Л.Толстой и Достоевский - Страница 29

Изменить размер шрифта:

Кажется, во всяком случае, не жизнь Достоевского.

Очень легко впасть в ошибку и в несправедливость при сравнении жизни Л. Толстого с жизнью Достоевского, потому что о первом мы знаем все, между тем как о втором мы не только всего, но, может быть, и очень важного не знаем, и лишь по намекам в письмах его, по устным преданиям и, наконец, в особенности по тому, как личность его отразилась в творчестве, догадываемся, что целая сторона ее скрыта от нас. Следует отдать справедливость и ближайшим друзьям Федора Михайловича, которые позаботились оставить нам его жизнеописание: это люди в высшей степени вежливые, почтительные к памяти покойного, даже слишком почтительные, и всего менее способные понять то, что Апокалипсис называет глубинами сатанинскими и что было так родственно Достоевскому. Даже такой тонкий и проницательный ум, как Страхов, не то что облагораживает, а чрезмерно упрощает личность Достоевского, смягчает, притупляет, сглаживает ее, приводит к общему, среднему уровню.

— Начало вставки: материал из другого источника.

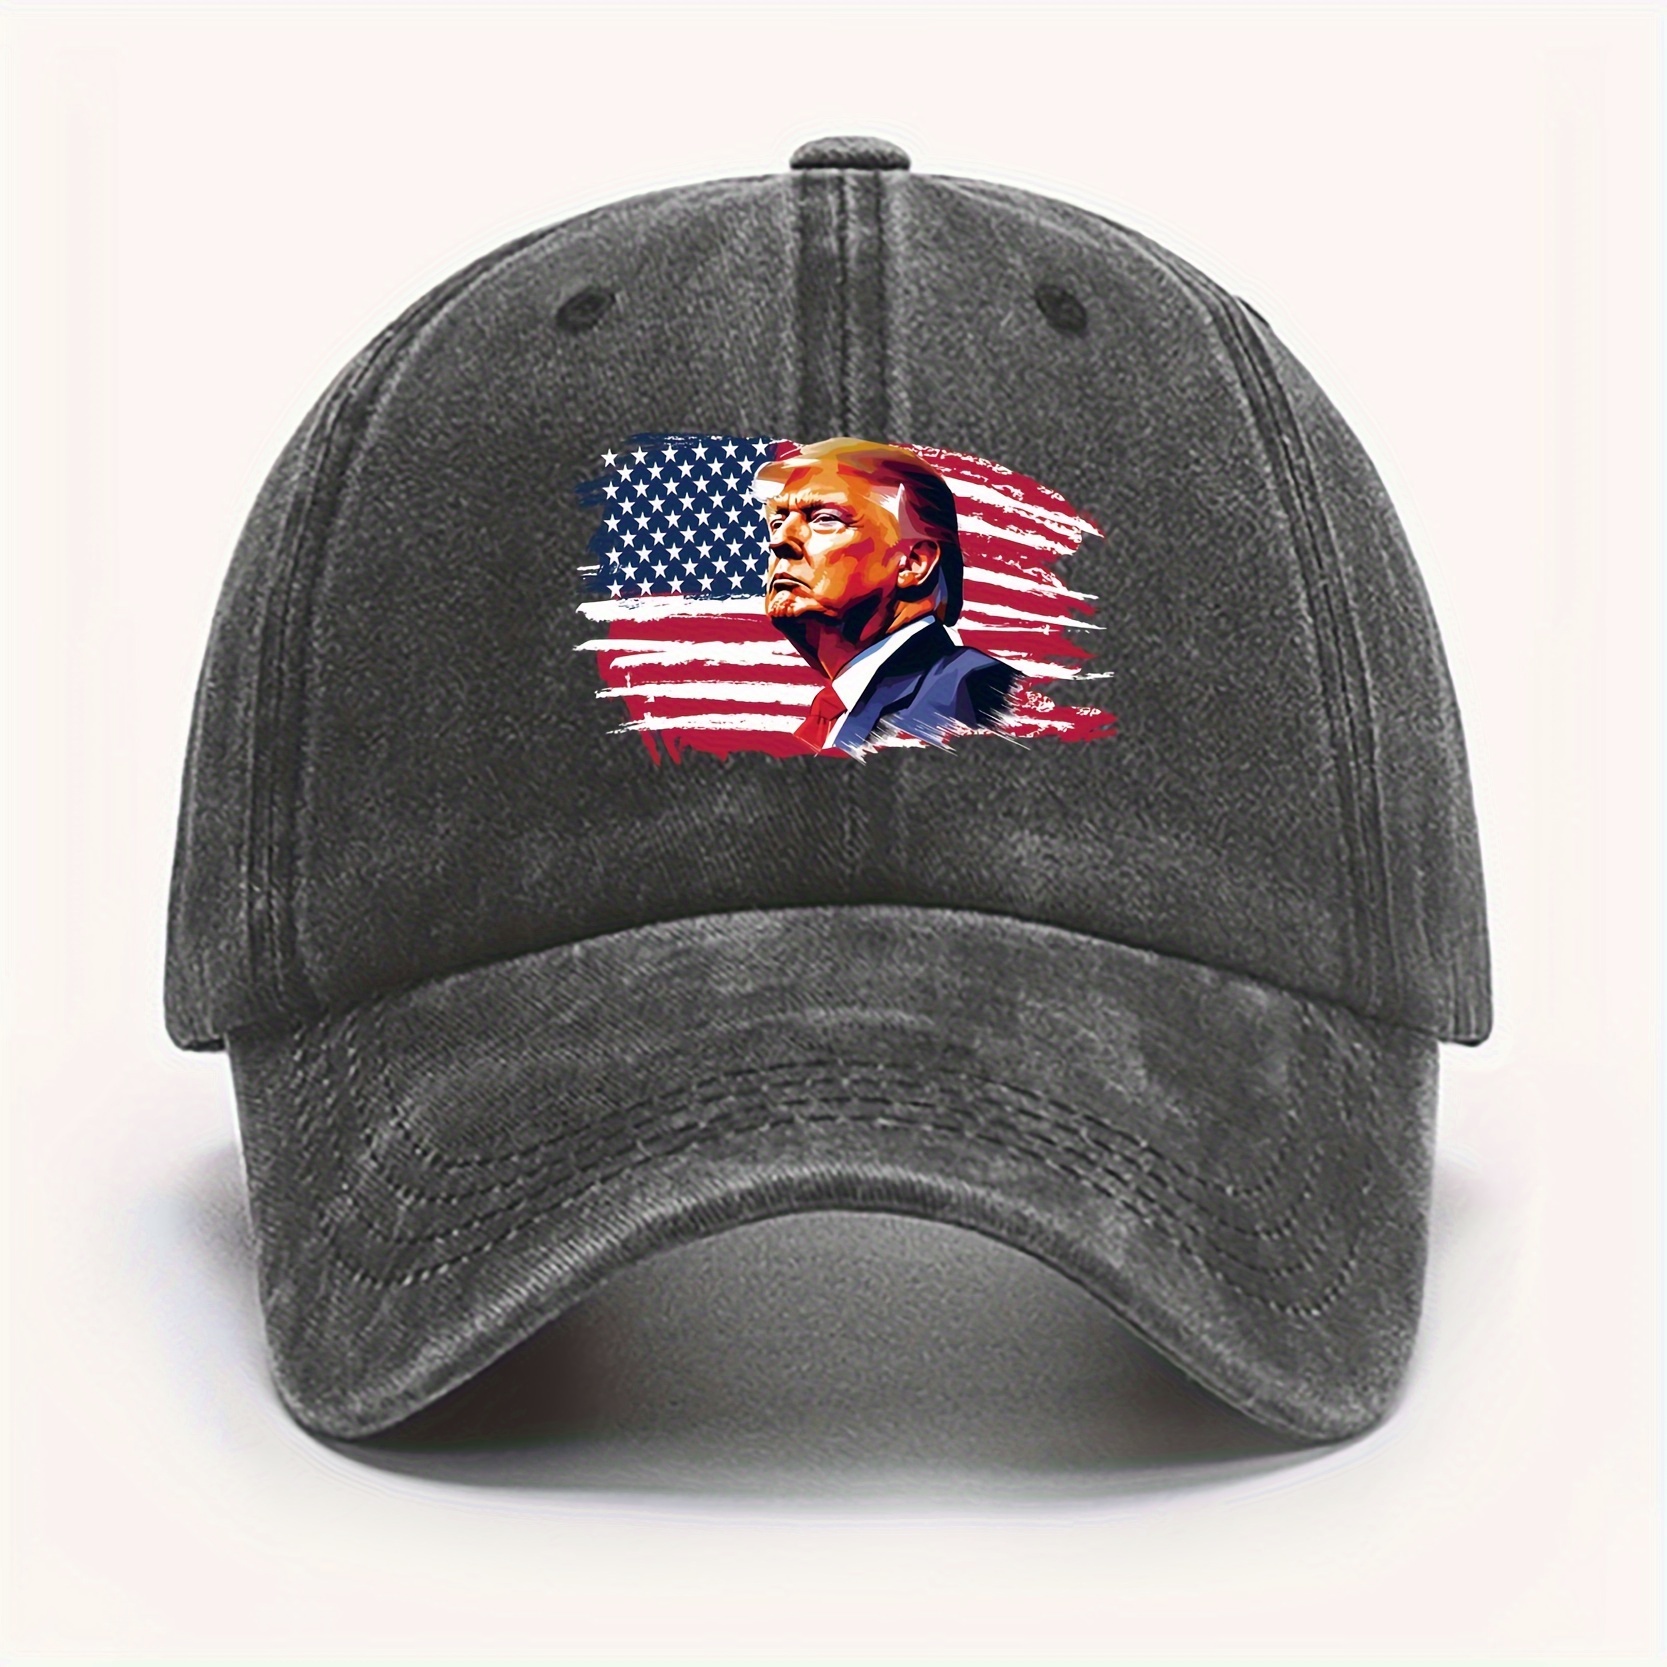 American Flag Trucker Hat - Snapback Hat, Baseball Cap for Men

Во всяком случае, рассматривая личность Достоевского как человека, должно принять в расчет неодолимую потребность его, как художника, исследовать самые опасные и преступные бездны человеческого сердца, преимущественно бездны сладострастия, во всех его проявлениях. Начиная от самого высшего, одухотворенного, граничащего с религиозными восторгами – сладострастья «ангела» Алеши Карамазова, кончая сладострастием злого насекомого, «паучихи, пожирающей самца своего» – тут вся гамма, вся радуга бесконечных переливов и оттенков этой самой таинственной из человеческих страстей, в ее наиболее острых и болезненных извращениях. Замечательна одинаково необходимая, кровная связь не только чудовищного Смердякова, не только Ивана, «борющегося с Богом», и жестокого, как будто «укушенного тарантулом», сладострастника Дмитрия, но и непорочного херувима Алеши – с отцом их по плоти, «извергом», Федором Павловичем Карамазовым, так же как с отцом их по духу, самим Достоевским. Действительно, это по преимуществу – его семья, и он бы отрекся от нее, может быть, перед людьми, но не перед собственной совестью и не перед Богом.

Существует в рукописи не напечатанная глава из «Бесов», исповедь Ставрогина, где, между прочим, он рассказывает о растлении девочки. Это одно из могущественнейших созданий Достоевского, в котором слышится звук такой ужасающей искренности, что понимаешь тех, кто не решается напечатать этого даже после смерти Достоевского: тут что-то, действительно, есть, что переступает «за черту» искусства: это слишком живо.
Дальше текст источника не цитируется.